● **WORK TO COMPLETE**: Omitting all images, set down every line below exactly as it appears.

━━ AVAILABLE DATA

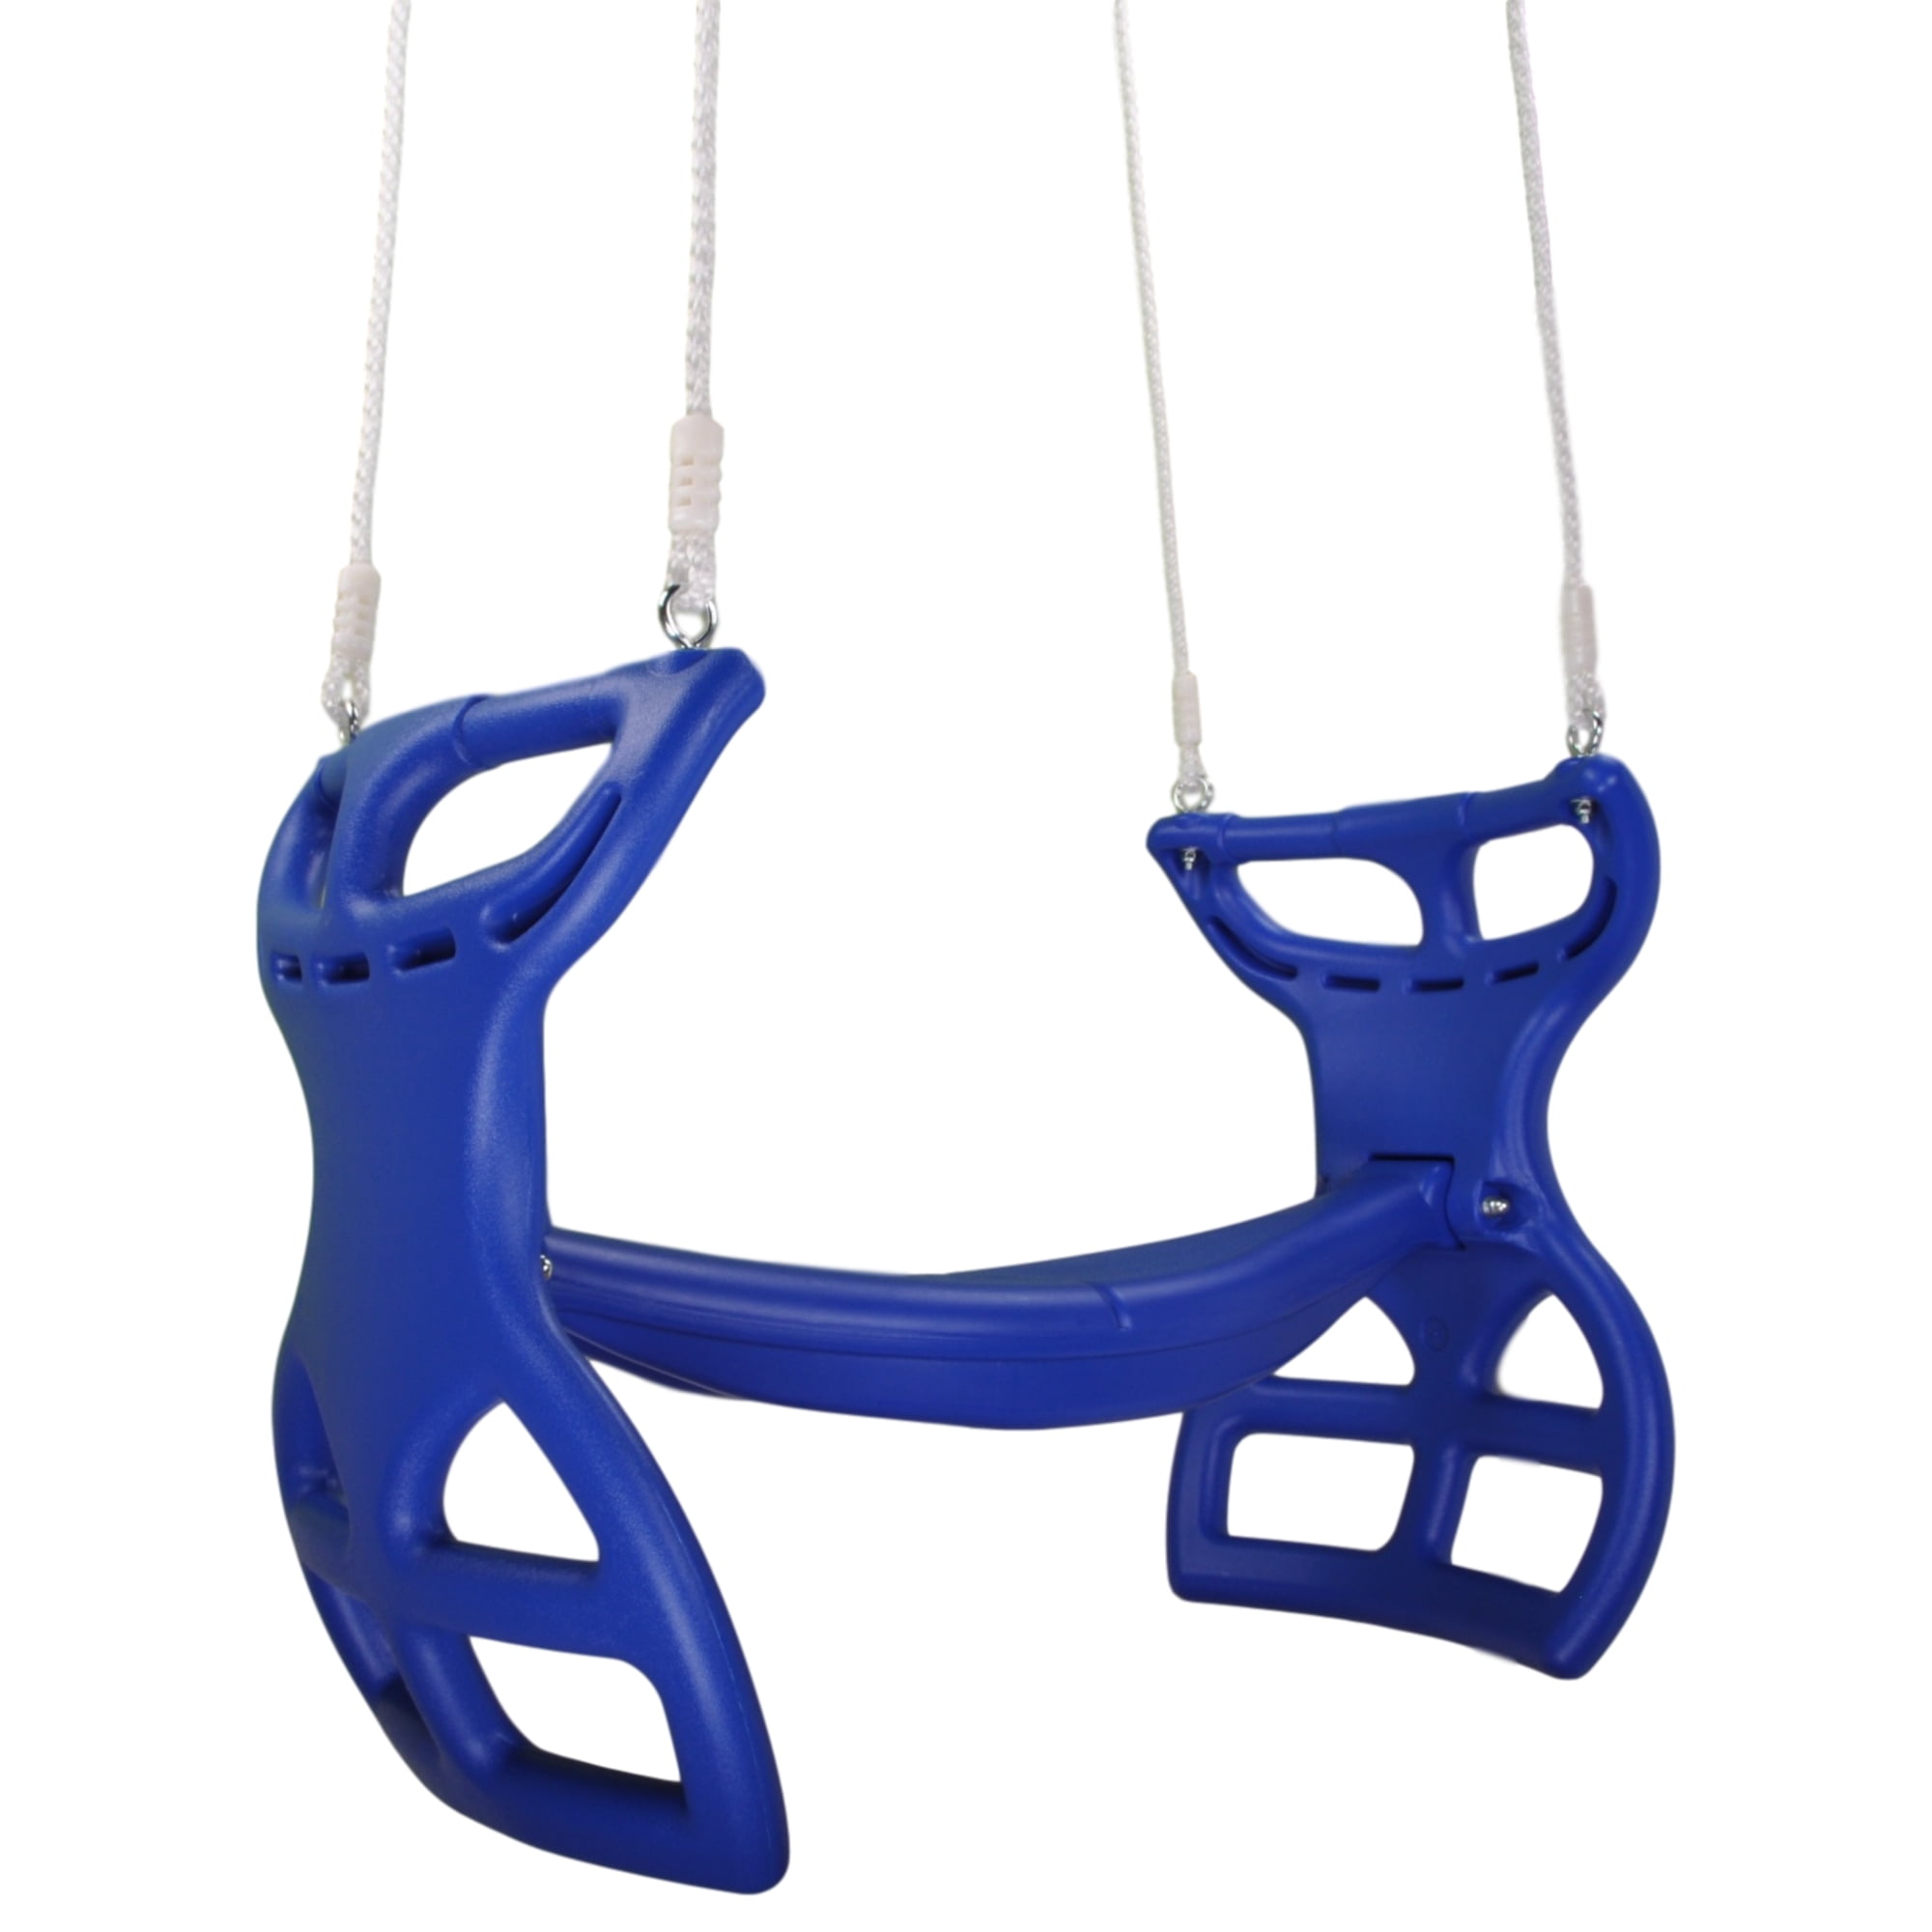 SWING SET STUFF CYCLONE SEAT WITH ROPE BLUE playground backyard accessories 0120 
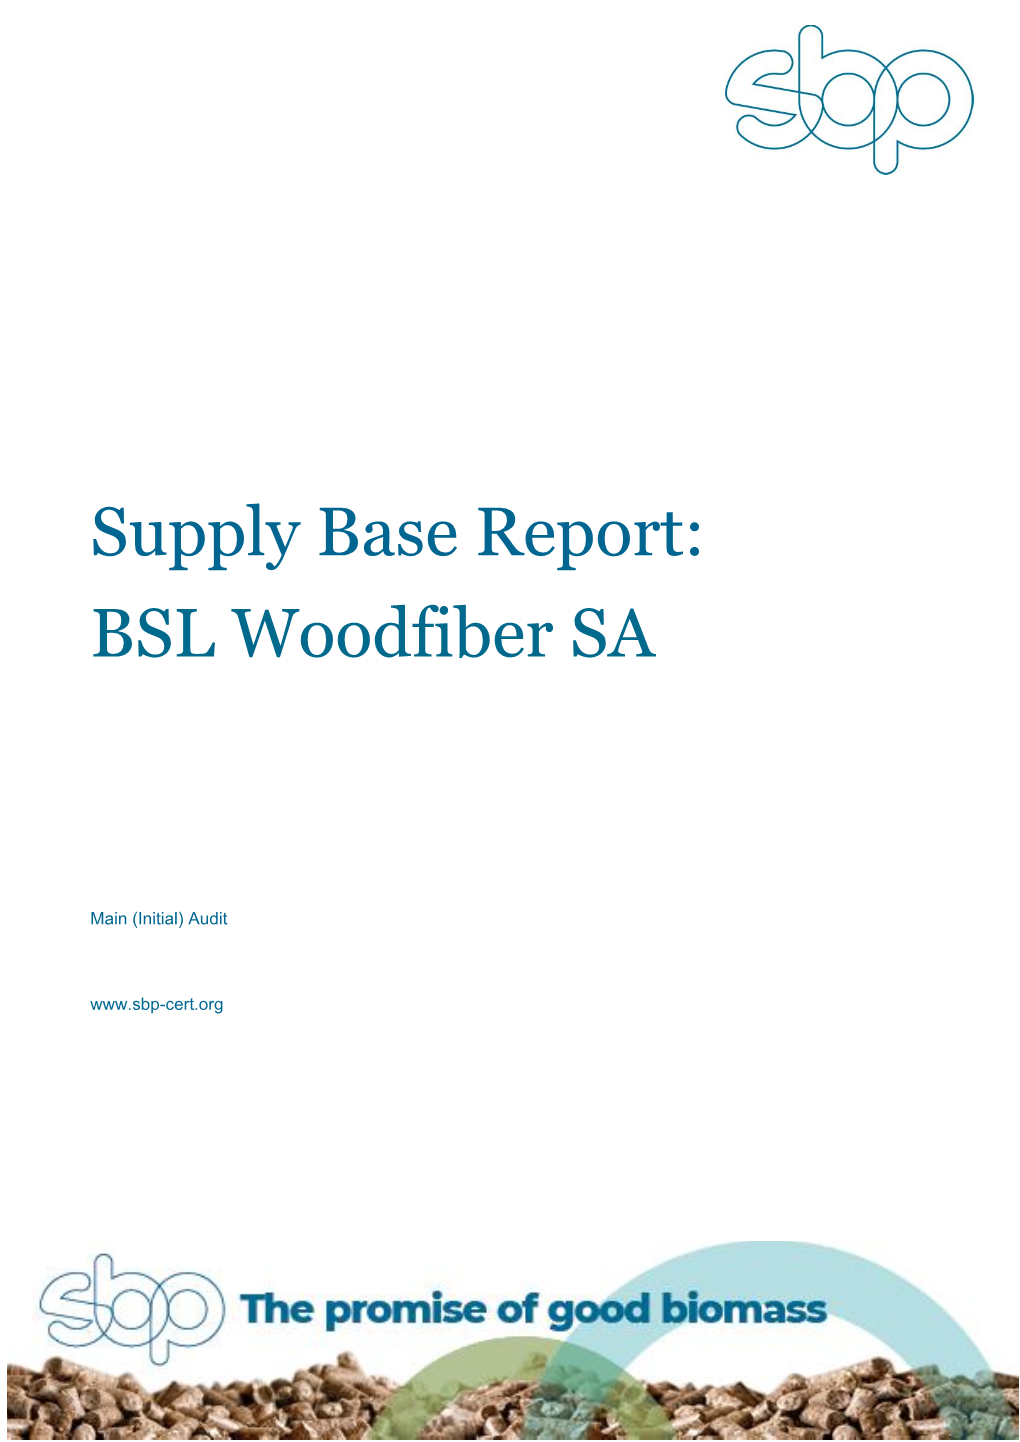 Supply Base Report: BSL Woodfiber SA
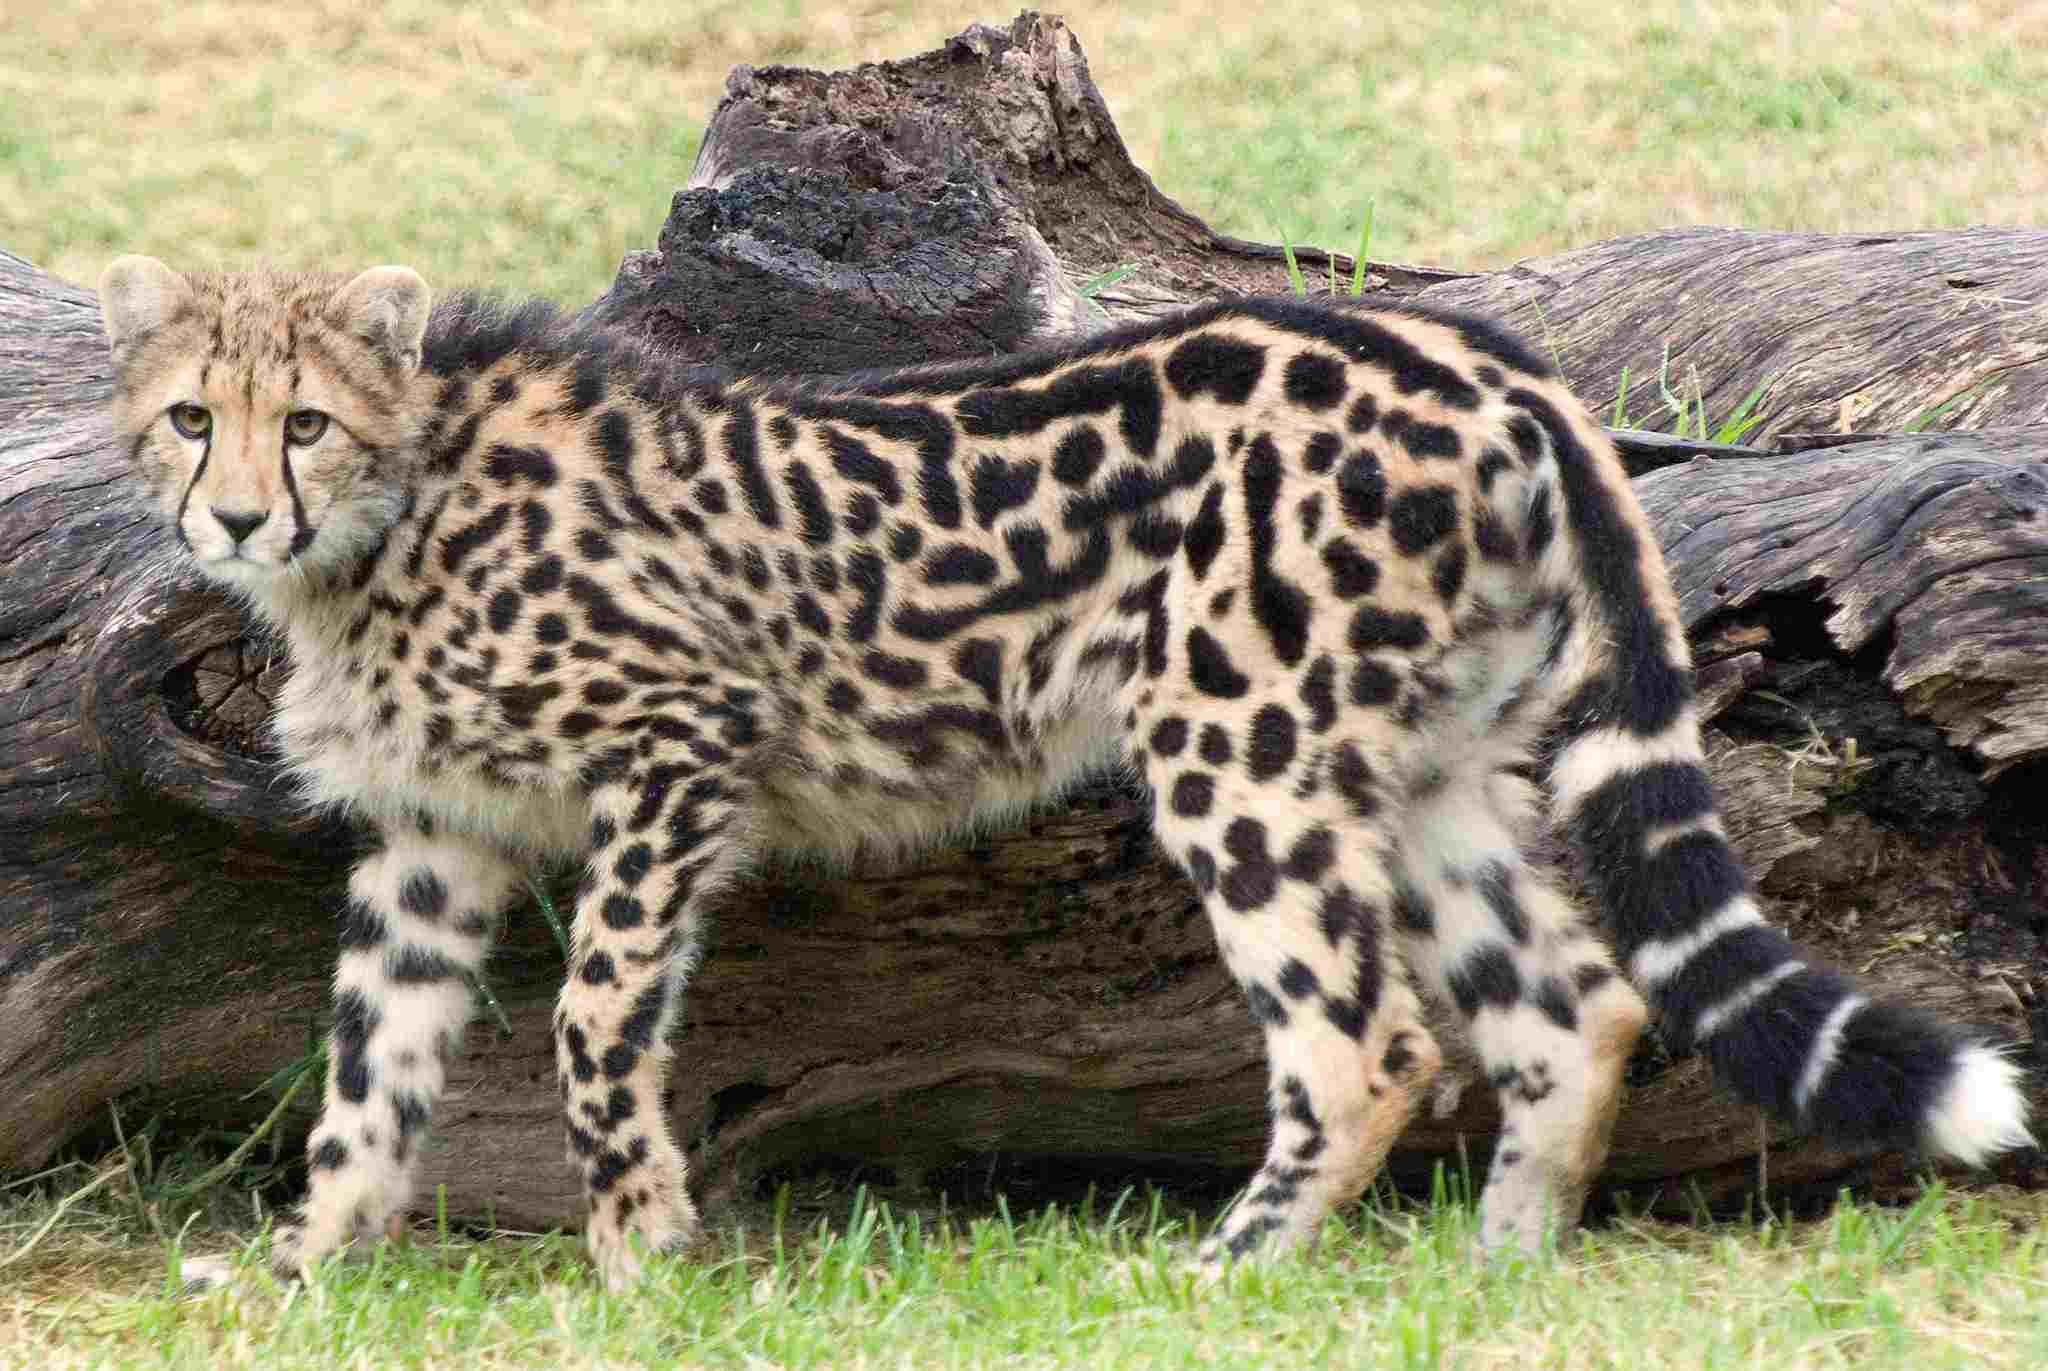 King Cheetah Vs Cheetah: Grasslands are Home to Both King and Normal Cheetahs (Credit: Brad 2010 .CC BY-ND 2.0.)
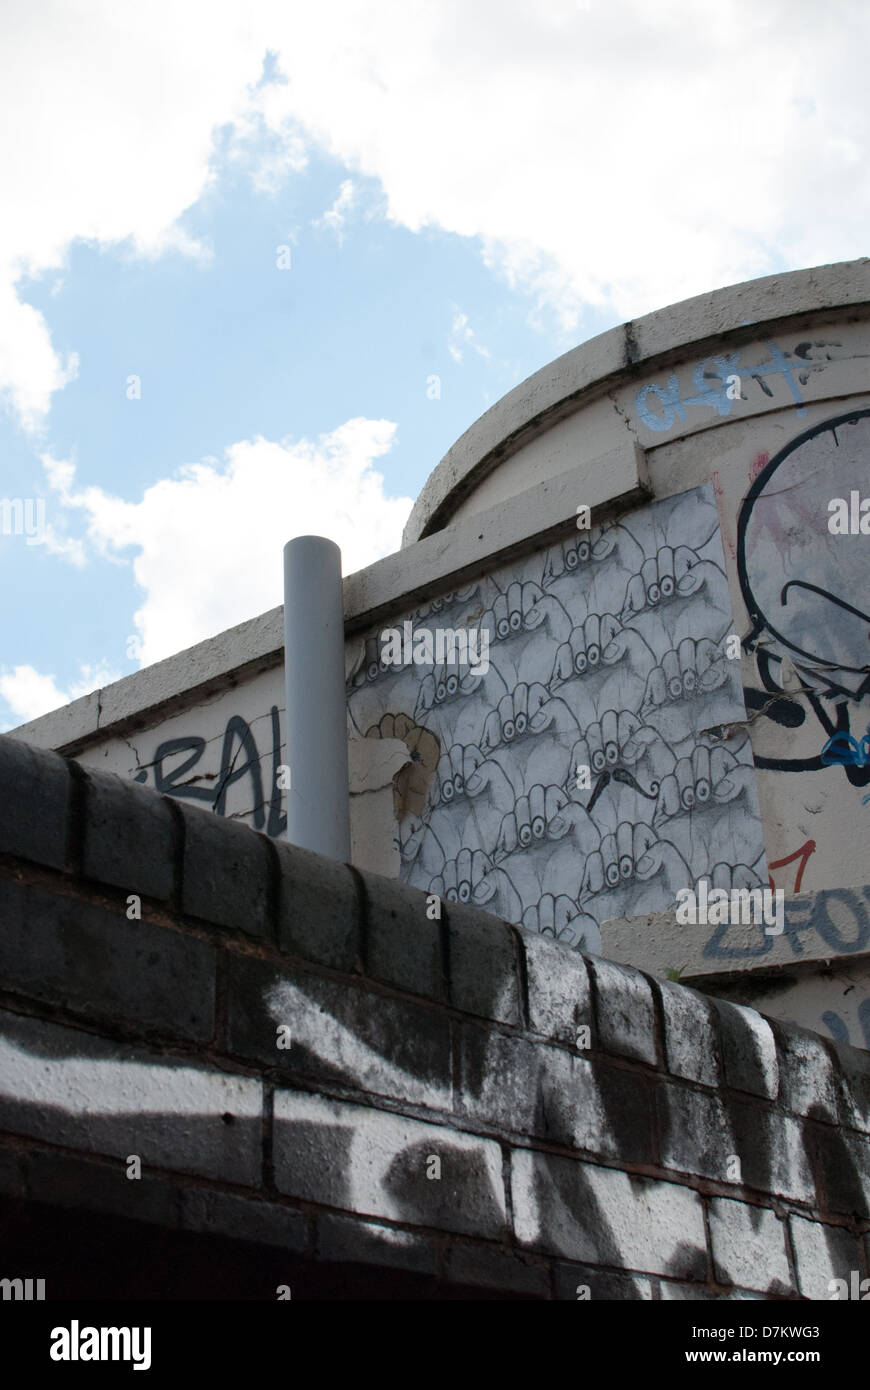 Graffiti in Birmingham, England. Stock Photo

━━━━

● **RESULT OF THE TASK**:
 SWING SET STUFF CYCLONE SEAT WITH ROPE BLUE playground backyard accessories 0120 
 Supply Base Report: BSL Woodfiber SA
 King Cheetah Vs Cheetah: Grasslands are Home to Both King and Normal Cheetahs (Credit: Brad 2010 .CC BY-ND 2.0.)
 Graffiti in Birmingham, England. Stock Photo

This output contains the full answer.